Mean Absolute Error: 0.2922077922077922
Mean Squared Error: 0.2922077922077922


This suggests a model using all features but slightly different hyperparameters is actually as accurate as the model with the parametrically selected features , with about **30% accuracy**

#### Trying with *selected* features, less estimators

In [38]:
model_rev2 = XGBClassifier(n_estimators=600, learning_rate=0.01, n_jobs=8, random_state=686)

preds4 = model_predict(model_rev2, fit_X_train, fit_X_valid, y_train, y_valid)

validate(y_valid, preds4)

Mean Absolute Error: 0.2792207792207792
Mean Squared Error: 0.2792207792207792


This suggests slightly worse results, using the selected features.
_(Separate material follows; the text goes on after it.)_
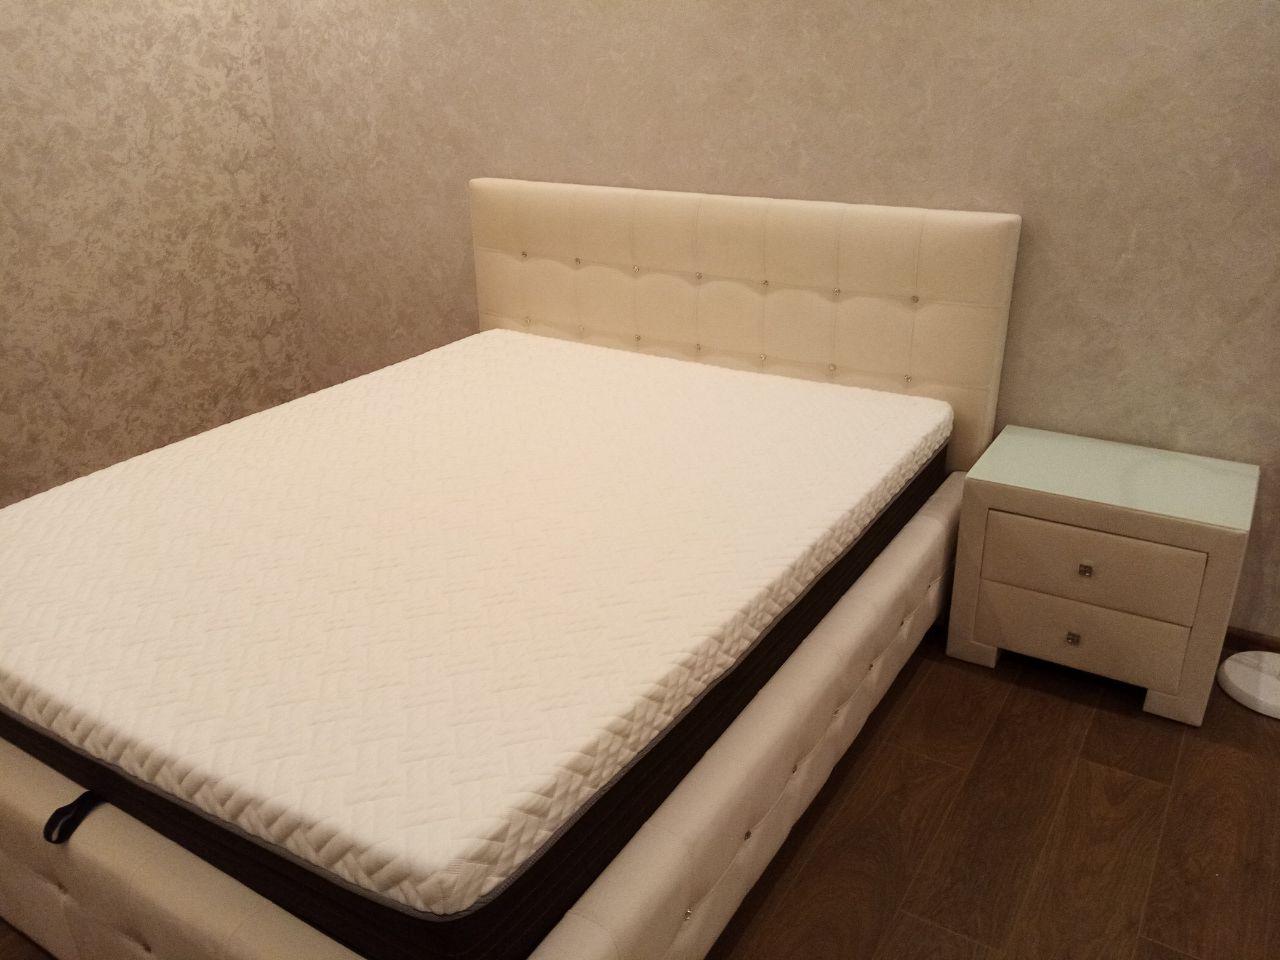 Полутораспальная кровать "Bella" 120 х 200 с ортопедическим основанием цвет sancho 2203

#### Trying with *selected* features, smaller learning rate, less estimators

In [39]:
model_rev3 = XGBClassifier(n_estimators=600, learning_rate=0.002, n_jobs=8, random_state=686, verbosity=0, eval_metric="error")
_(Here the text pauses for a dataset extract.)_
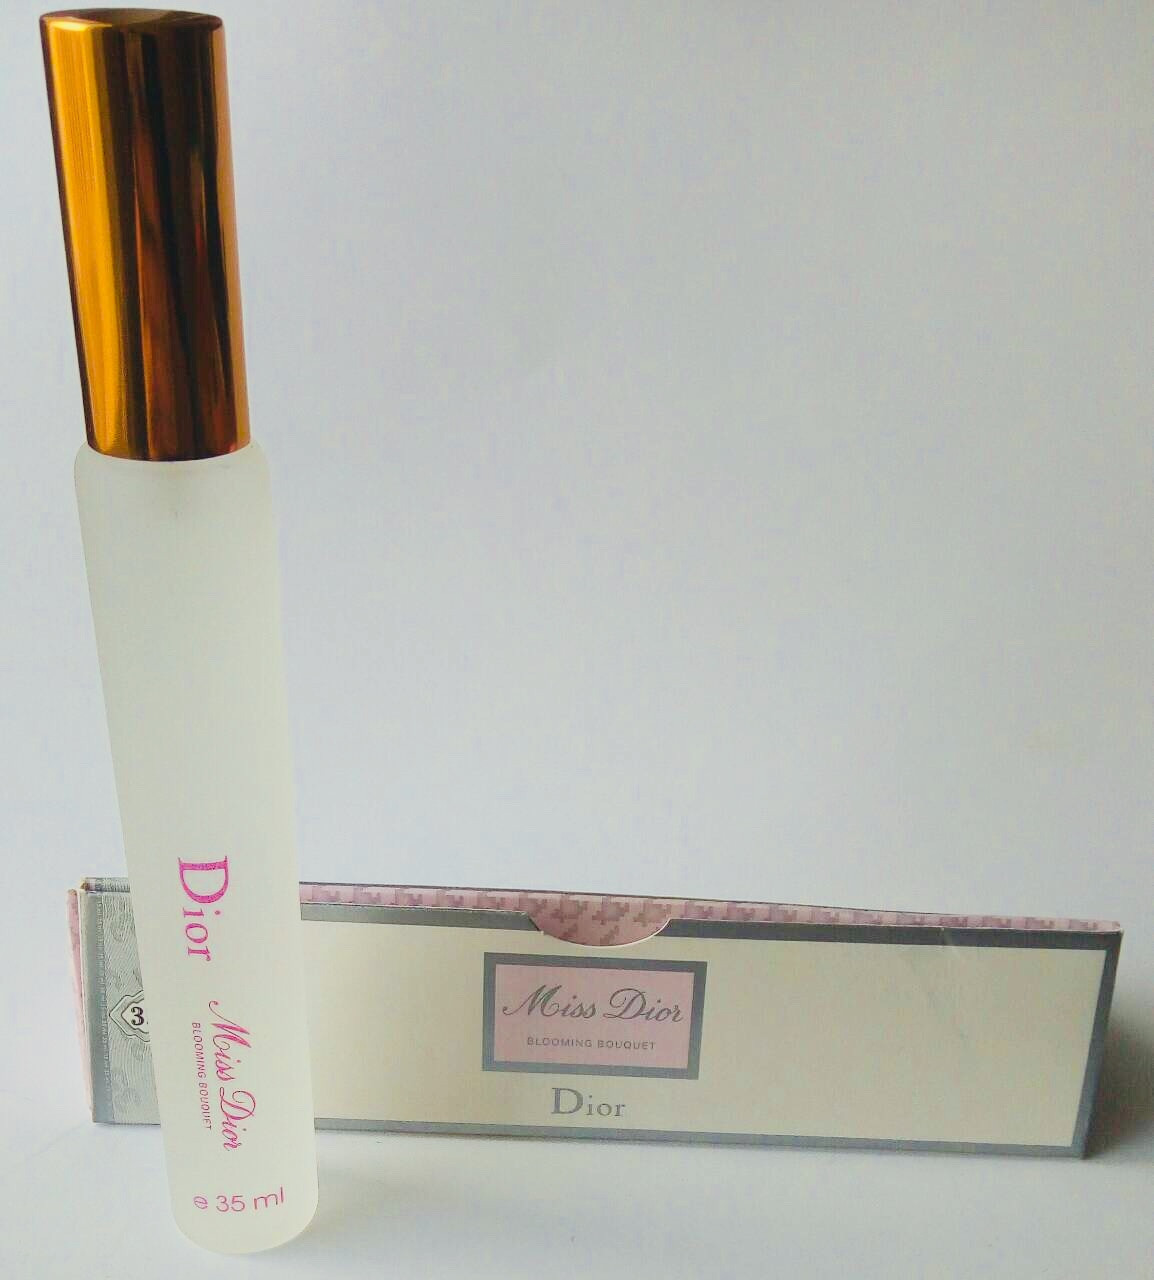 Dior Miss Dior Blooming Bouquet для женщин (35 ml) дорожный флакон, пробник-ручка (копия)

preds5 = model_predict(model_rev3, fit_X_train, fit_X_valid, y_train, y_valid)

validate(y_valid, preds5)

Mean Absolute Error: 0.2922077922077922
Mean Squared Error: 0.2922077922077922


This also suggests model accuracy of about **30%** but it also suggests that the model will not significantly improve anymore, given that the global minima appears to have been reached with different hyperparameters. This can also indicate that the data is leaking or that more feature engineering is required. Also, grid search could be done, given the time, to find if better hyperparamers can be used to increase accuracy a few more percentage points.